Use Stoke’s Theorem to evaluate the line integral \(\oint\limits_C {\left( {y + 2z} \right)dx }\) \({+ \left( {x + 2z} \right)dy }\) \({+ \left( {x + 2y} \right)dz},\) where \(C\) is the curve formed by intersection of the sphere \({x^2} + {y^2} + {z^2} \) \(= 1\) with the plane \(x + 2y + 2z \) \(= 0.\)Solution.

Let \(S\) be the circle cut by the sphere from the plane. Find the coordinates of the unit vector \(\mathbf{n}\) normal to the surface \(S:\)

\[

{\mathbf{n} }={ \frac{{1 \cdot \mathbf{i} + 2 \cdot \mathbf{j} + 2 \cdot \mathbf{k}}}{{\sqrt {{1^2} + {2^2} + {2^2}} }} }

= {\frac{1}{3}\mathbf{i} + \frac{2}{3}\mathbf{j} + \frac{2}{3}\mathbf{k}.}

\]

In our case

\[{P = y + 2z,\;\;\;}\kern-0.3pt{Q = x + 2z,\;\;\;}\kern-0.3pt{R = x + 2y.}\]

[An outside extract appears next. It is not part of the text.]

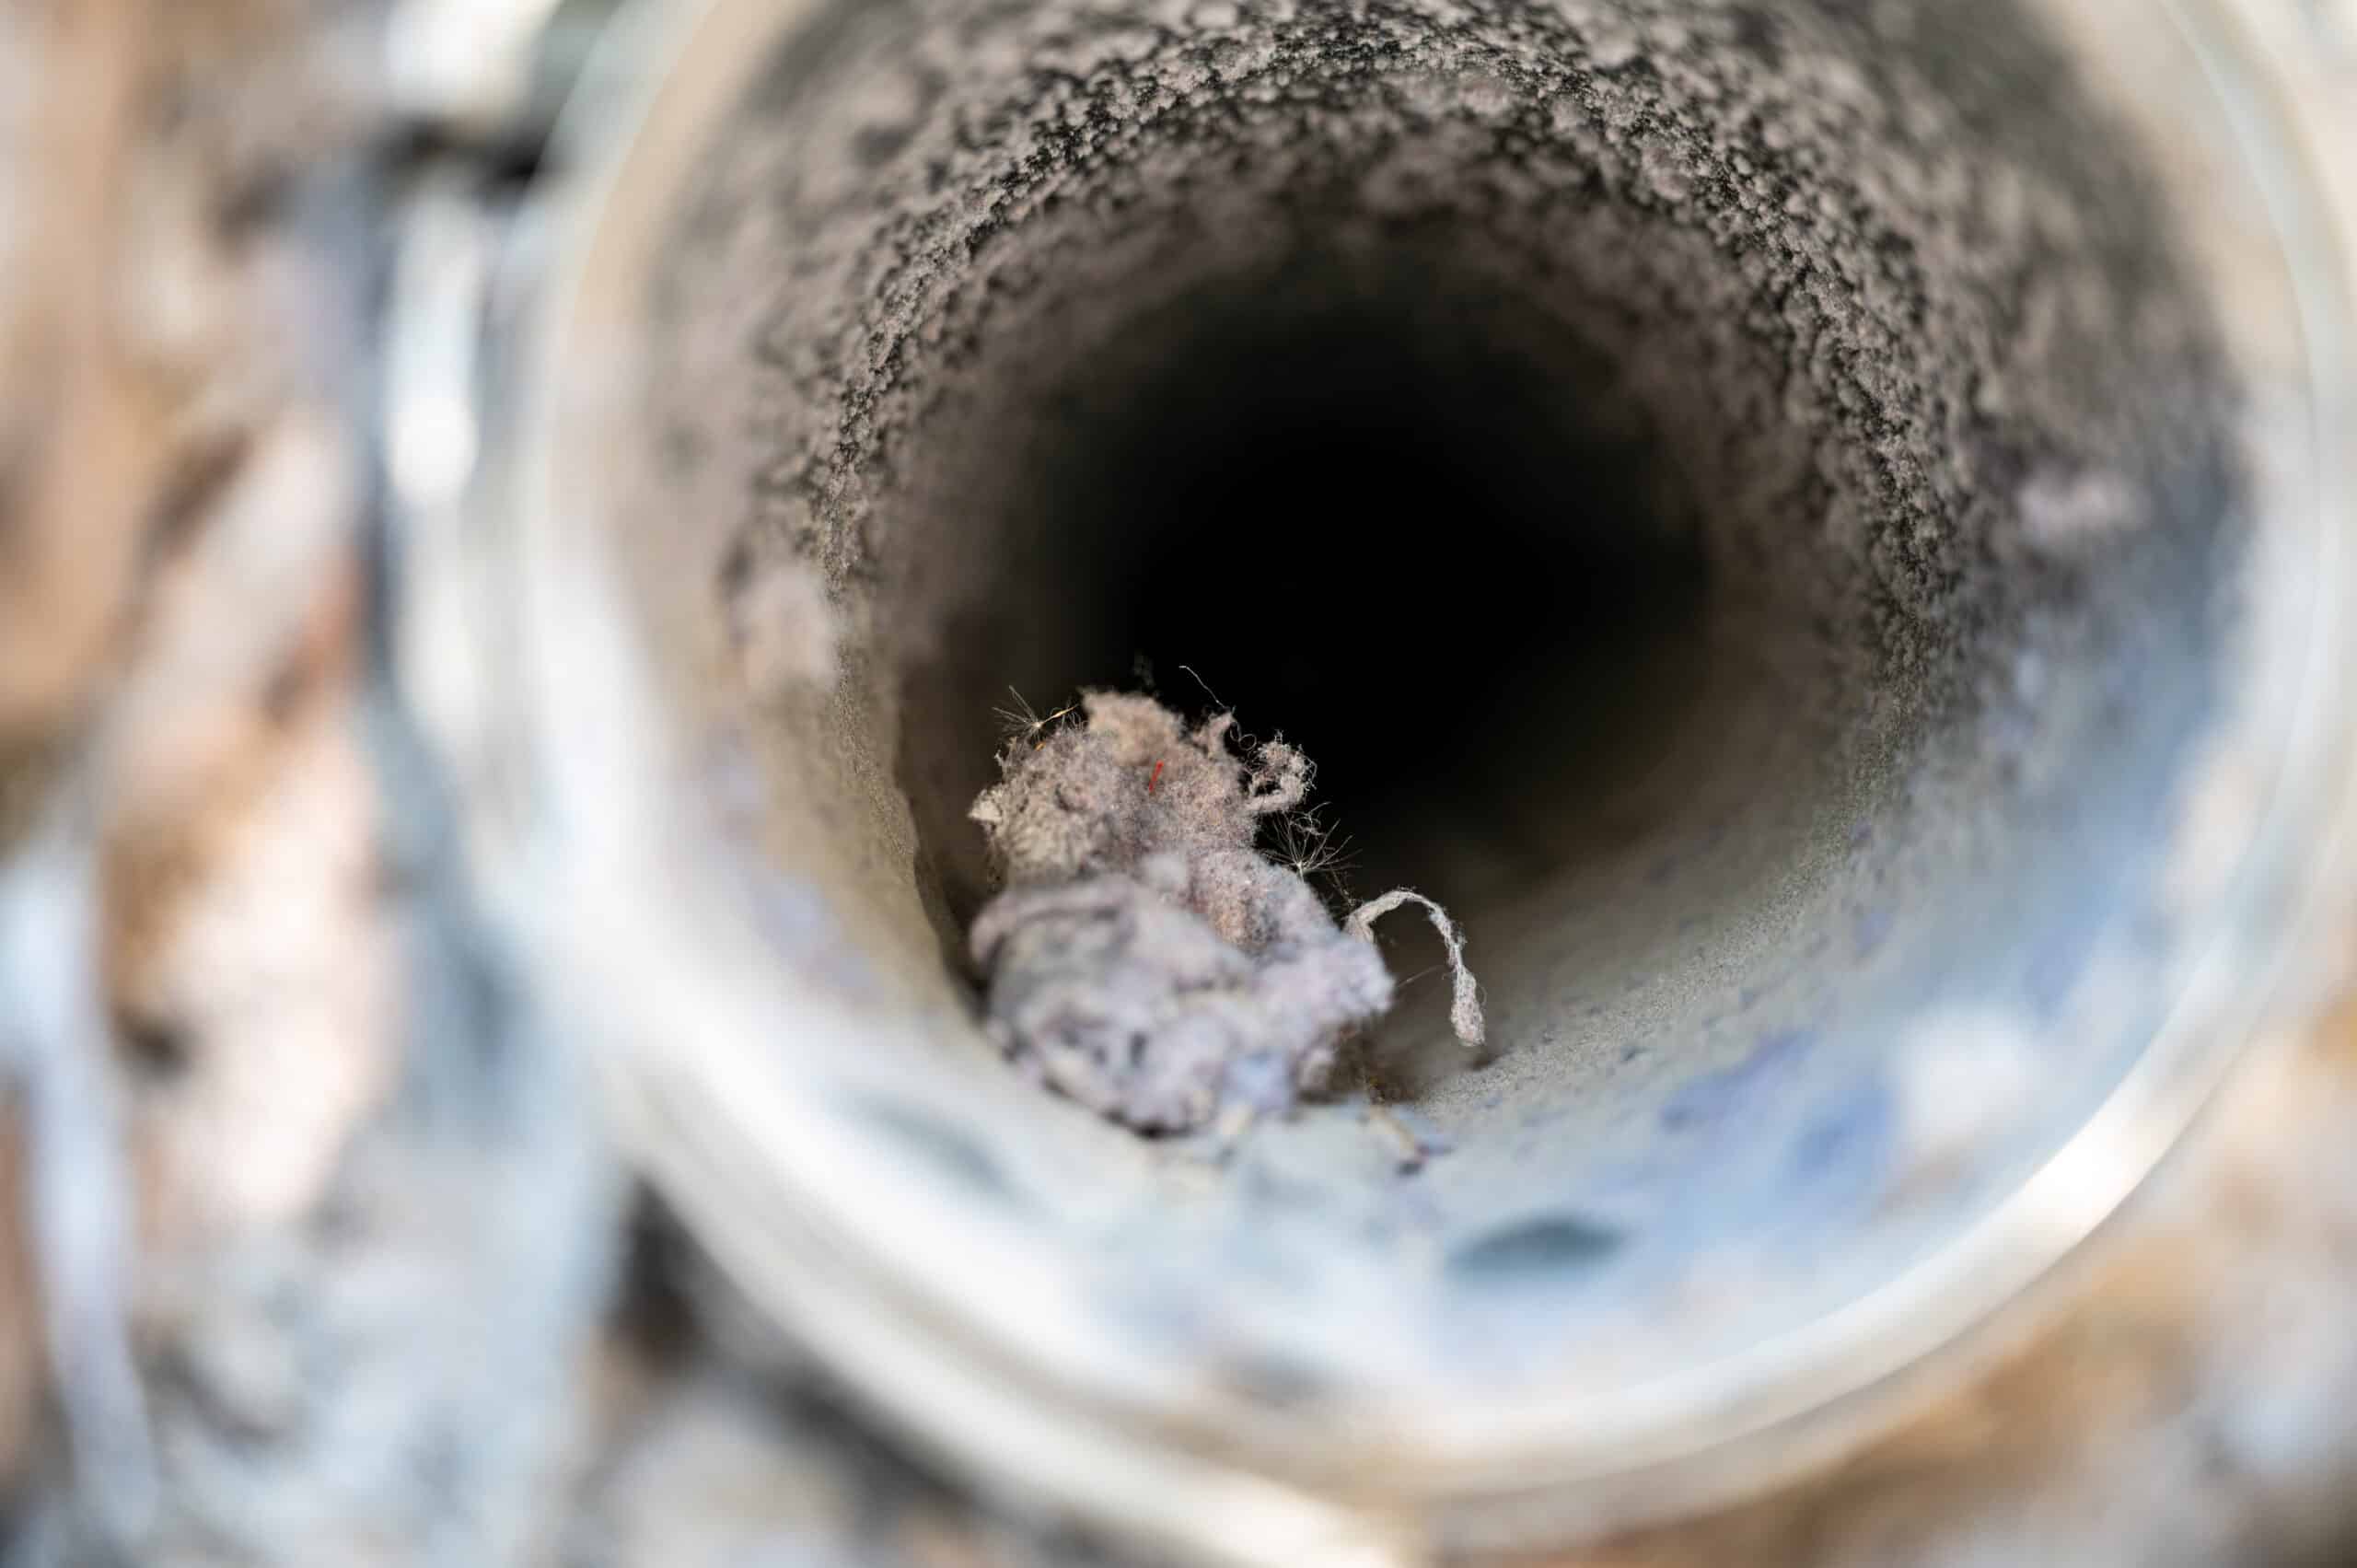 Dryer vent cleaning boise id

Hence, the curl of the vector \(\mathbf{F}\) is

\[ {\nabla \times {\mathbf{F}} } = {\left( {\frac{{\partial R}}{{\partial y}} – \frac{{\partial Q}}{{\partial z}}} \right){\mathbf{i}} } + {\left( {\frac{{\partial P}}{{\partial z}} – \frac{{\partial R}}{{\partial x}}} \right){\mathbf{j}} } + {\left( {\frac{{\partial Q}}{{\partial x}} – \frac{{\partial P}}{{\partial y}}} \right){\mathbf{k}} } = {\left( {2 – 2} \right){\mathbf{i}} }+{ \left( {2 – 1} \right){\mathbf{j}} }+{ \left( {1 – 1} \right){\mathbf{k}} } = {{\bf{j}}.} \]

Using Stoke’s Theorem, we have

\[

{\oint\limits_C {\left( {y + 2z} \right)dx + \left( {x + 2z} \right)dy }+{ \left( {x + 2y} \right)dz} }

= {\iint\limits_S {\left( {\nabla \times \mathbf{F}} \right) \cdot d\mathbf{S}} }

= {\iint\limits_S {\left( {\nabla \times \mathbf{F}} \right) \cdot \mathbf{n}dS} }

= {\iint\limits_S {\mathbf{j} \cdot \left( {\frac{1}{3}\mathbf{i} + \frac{2}{3}\mathbf{j} + \frac{2}{3}\mathbf{k}} \right)dS} }

= {\frac{2}{3}\iint\limits_S {dS} .}

\]

As the sphere \({x^2} + {y^2} + {z^2} \) \(= 1\) is centered at the origin and the plane \(x + 2y + 2z \) \(= 0\) also passes through the origin, the cross section is the circle of radius \(1.\) Hence the integral is

\[{I = \frac{2}{3}\iint\limits_S {dS} }={ \frac{2}{3} \cdot \pi \cdot {1^2} }={ \frac{{2\pi }}{3}.}\]